The second: As the system gets stressed, we'll see the dynamic you talked about in Silicon Valley. That potential technology and innovation have to pull apart a city's economy in two poles of the city's economy is scary to me, honestly. I think something we, the collective we—I have a nine year old son who is very happy to tell me how my generation screwed it up for his generation and his generation's going to have to fix it—I think this is another example where if we collectively don't fix it… I worry about the city, any city, 20 or 30 years from now. I've really grappled with both sides of it.
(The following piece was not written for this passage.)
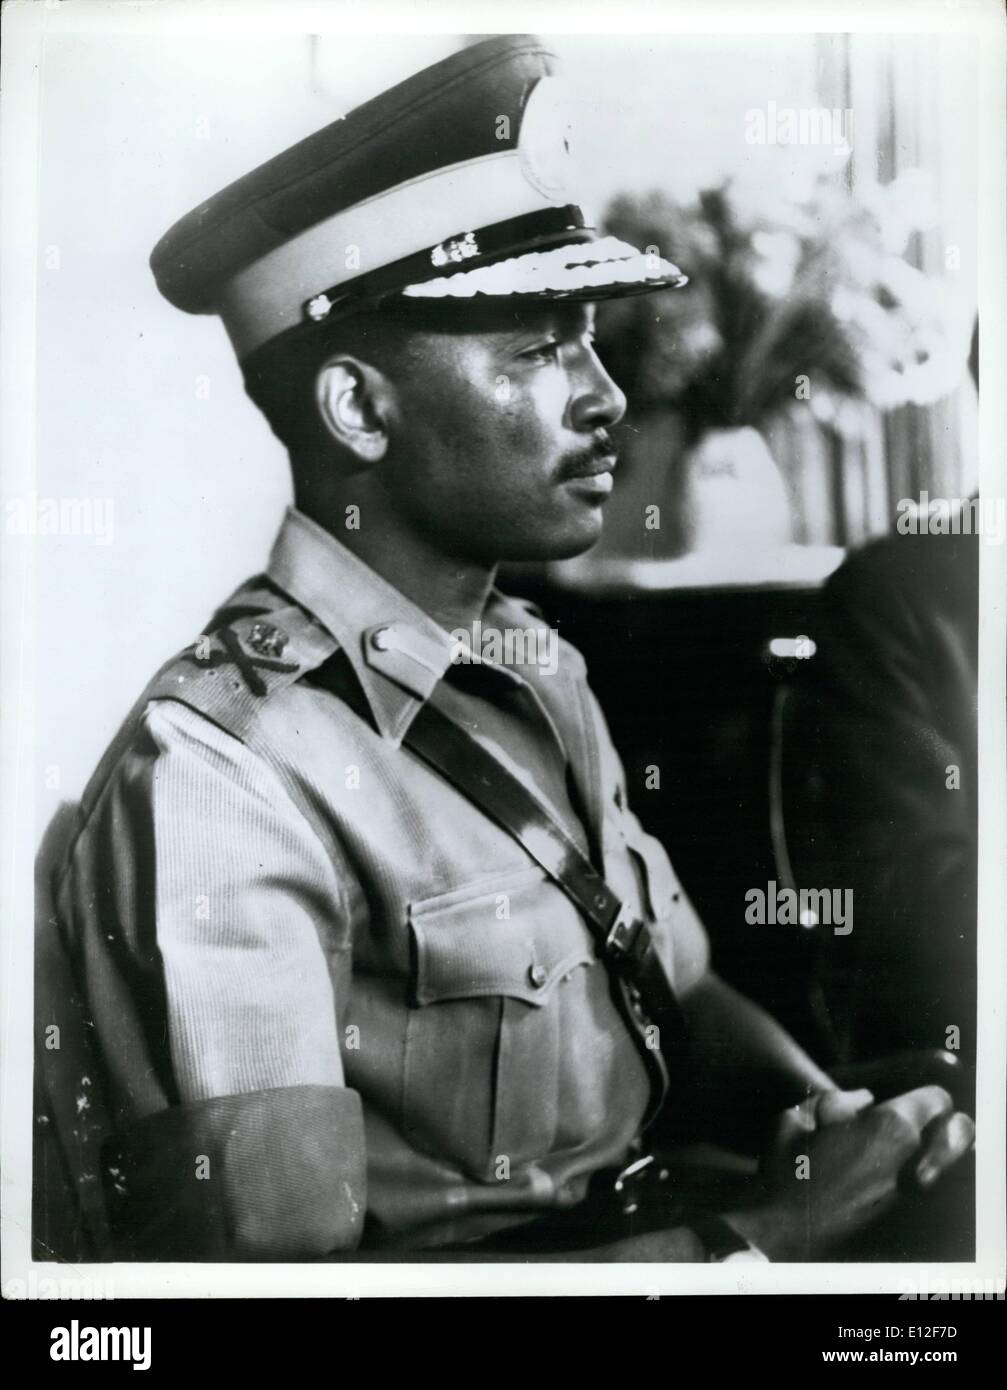 21 décembre 2011 - Le Ministère fédéral nigérian de la Défense a annoncé le 1er juin 1967, la promotion du lieutenant-colonel Yakubu Gowon au rang de le major général. Il est commandant en chef de l'armée nigériane fédéral. Le général de robe est montré ici dans son nouvel uniforme. Banque D'Images

Third—and this isn't just because I'm a little bit of a luddite—I used to have a lot more conversations on the subway than I do now, or with cab drivers. It's phones, I blame the phones. It's stripping the city of something very fundamental about what cities are. Cities aren't collections of people or infrastructure. Cities are public spaces, fundamentally. Differentiate these from suburbs or rural areas one hundred percent. There are streets that people walk on and see people who are not like them. If everybody's looking down at their phone, they're not going to see the people around them. I think there's a lot of compelling, interesting smart city technology out there. I think some of it will just draw is farther into our phones or devices and away from the public commons. Since Socrates' time, the public commons has been recognized as the cornerstone of a democracy. I don't think you can entirely ditch that. What are you excited to do in the immediate future?
Here are the yard, we're at the cusp of a huge transition. We've been growing steadily for the last 20 years or so, adding a couple hundred jobs every year or so, and that's wonderful and paved the way to our success. But in the next three years we're gonna add more than 10,000 jobs more to the yard. What I'm excited about is returning the Navy Yard and what it stands for to a place with purpose. Returning us to a real employment center to rival others in the city.

Ten thousand jobs would be huge.
That's 10,000 more jobs, adding to the seven thousand here now. There's a lot of changes that've been talked about, but in the next few years it'll become very real. Physical buildings that are completed and open and more workers getting on our buses every day. That's going to make us pop in a way and kind of make it all very tangible what the vision of the place really is.